Tak powstał kolektyw Beaver Brook, który zbudował od podstaw grupę odludnych chatek w Pensylwanii, gdzie można obcować z pięknem natury, opanowywać nowe umiejętności i cieszyć się towarzystwem przyjaciół oraz rodziny.
W przedmowie do polskiego wydania Mariusz Czepczyński, geograf kultury, zwraca uwagę na długą tradycję budowania chat, będących hybrydami przyrody i kultury. Podkreśla, że to z naszych ziem umiejętność ta przeniosła się na pozostałe części Europy i Azji, a od siedemnastego wieku także do Ameryki. Życie w chacie to jednak coś więcej niż styl budowy czy otoczenie:
„Wielu autorów uważa, że nasze myśli, odczucia, obawy, marzenia są reprezentowane przez materialne, symboliczne struktury, które możemy odczytywać jak tekst czy języki. Chata w lesie, ociosana lub nie, przeszklona i nowoczesna, omszała bądź pokryta eternitem z lat 70., mówi o jej budowniczych, mieszkańcach czy użytkownikach”.
Jednym z autorów propagujących tezę, że budynki mówią do nas i o nas, jest Alain de Botton, który w „Architekturze szczęścia” również zwrócił uwagę na atrakcyjność prostych chat. W japońskiej architekturze wynika to z fascynacji rzeczami bezpretensjonalnymi, prostymi, niewykończonymi. Nieprzetłumaczalne japońskie słowo wabi jest określeniem piękna, tkwiącego w nieukształtowanych glinianych naczyniach, zagrabionych alejkach, mchach, dachówkach, kroplach deszczu na liściu. Wabi można doświadczyć w czasie wieczoru spędzonego w leśnej chatce.
„Najpiękniejsze współczesne domy, jakie widziałem, miały często bardzo prosty wystrój nawiązujący do odwiecznej tęsknoty obecnej w japońskiej estetyce – fascynacji pustką i surowością. Średniowieczny dworzanin Kamo no Chomei w książce Zapiski z pustelni (1212) opisał wolność, jaka czeka na tych, którzy pozbędą się niepotrzebnej własności i wsłuchają w szept własnej duszy. Prosta drewniana chatka zajęła więc doczesne miejsce w japońskiej wyobraźni. Wielcy panowie okresów Momoyama (1573-1614) i Edo co kilka miesięcy opuszczali pałace i zamki, żeby spędzić trochę czasu w pustelniczych chatach, zgodnie z nauczaniem zen, że duchowe oświecenie zdobywa się poprzez życie pozbawione ozdobników”.
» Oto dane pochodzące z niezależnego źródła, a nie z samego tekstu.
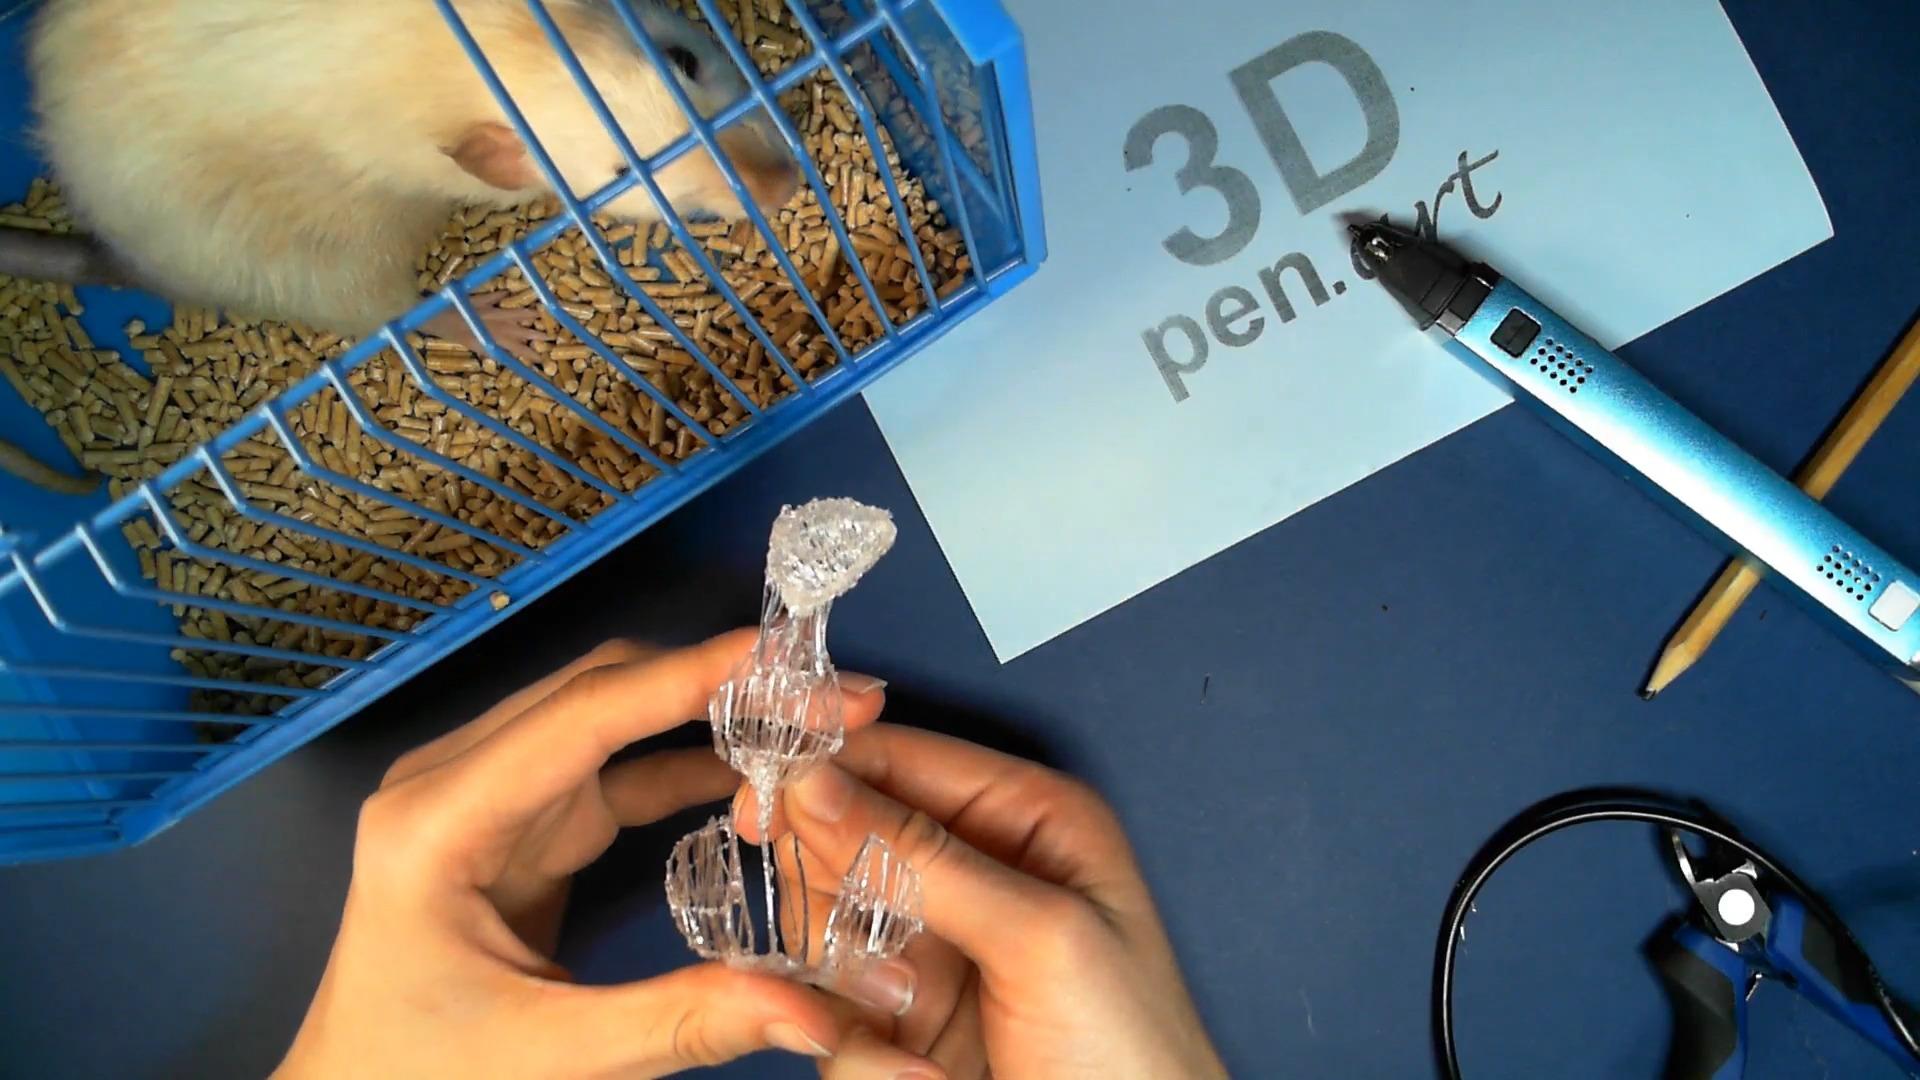 Крыса 3D ручкой. Прикрепляем основания к поделке
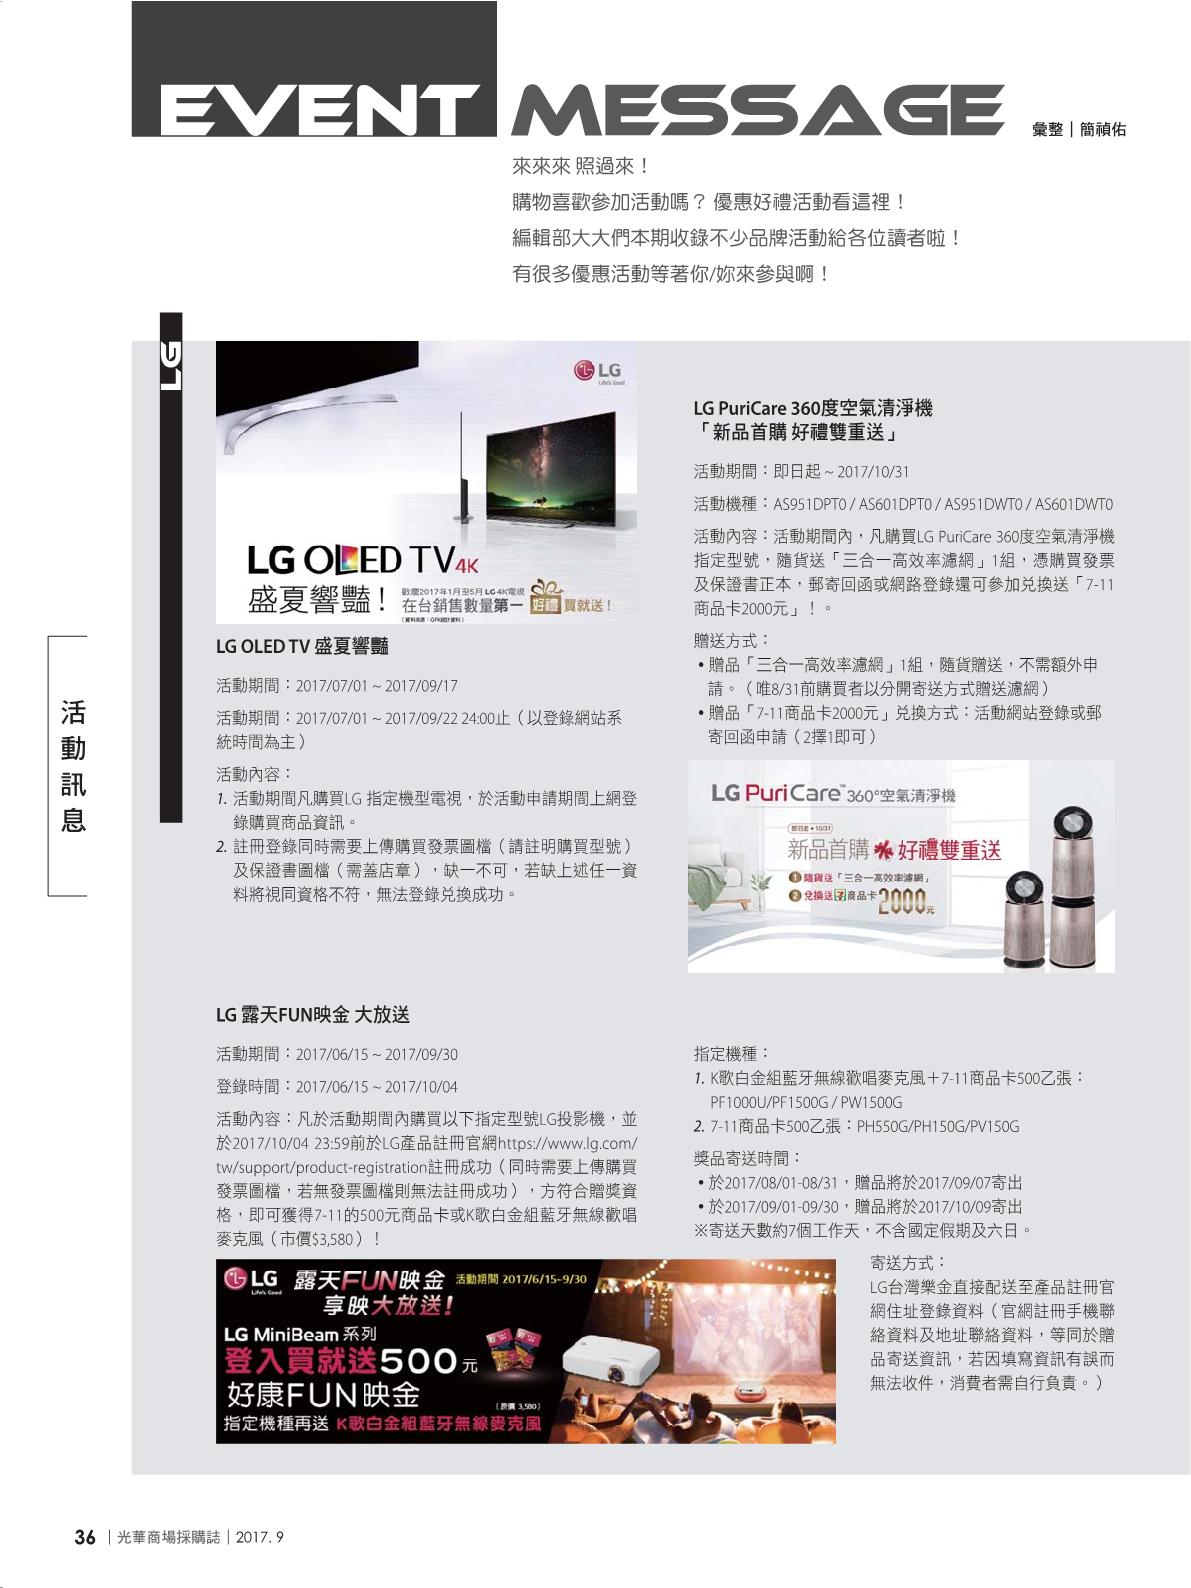 光華商場採購誌2017年9月號38.png

Życie w chacie jest par exellence hygge, gdyż każda dobrze zaprojektowana chata ze spełnionymi mieszkańcami jest wygodna, miła i bezpieczna, czyli odpowiada założeniom duńskiej koncepcji, która robi współcześnie zawrotną karierę. Moda na hyyge oraz styl życia a la cabin wiele mówią o kondycji współczesnego człowieka:
„Cabin to styl życia oparty na powrocie do jego podstawowych, naturalnych aspektów. Ta prostota pociąga ludzi na całym świecie zwłaszcza w okresach niepewności, zmian kulturowych, społecznych i technologicznych”.
A co z niezręcznym słowem porn? Użyte jest ono tutaj w takim znaczeniu jak w wyrażeniu food porn, którym określamy perfekcyjne sposoby prezentacji dań. Atrakcyjny obraz ma wzbudzić w nas zachwyt i pożądanie. Chodzi więc o takie zdjęcia, które nas zachwycają, fascynują i zniewalają. Niewątpliwie fotografie z albumu „Cabin Porn”, prezentujące zaciszne chaty w pięknych, naturalnych otoczeniach, zachwycają swym urokiem i budzą w nas fascynację nie tylko obiektami, ale także stylem życia, jaki wyrażają.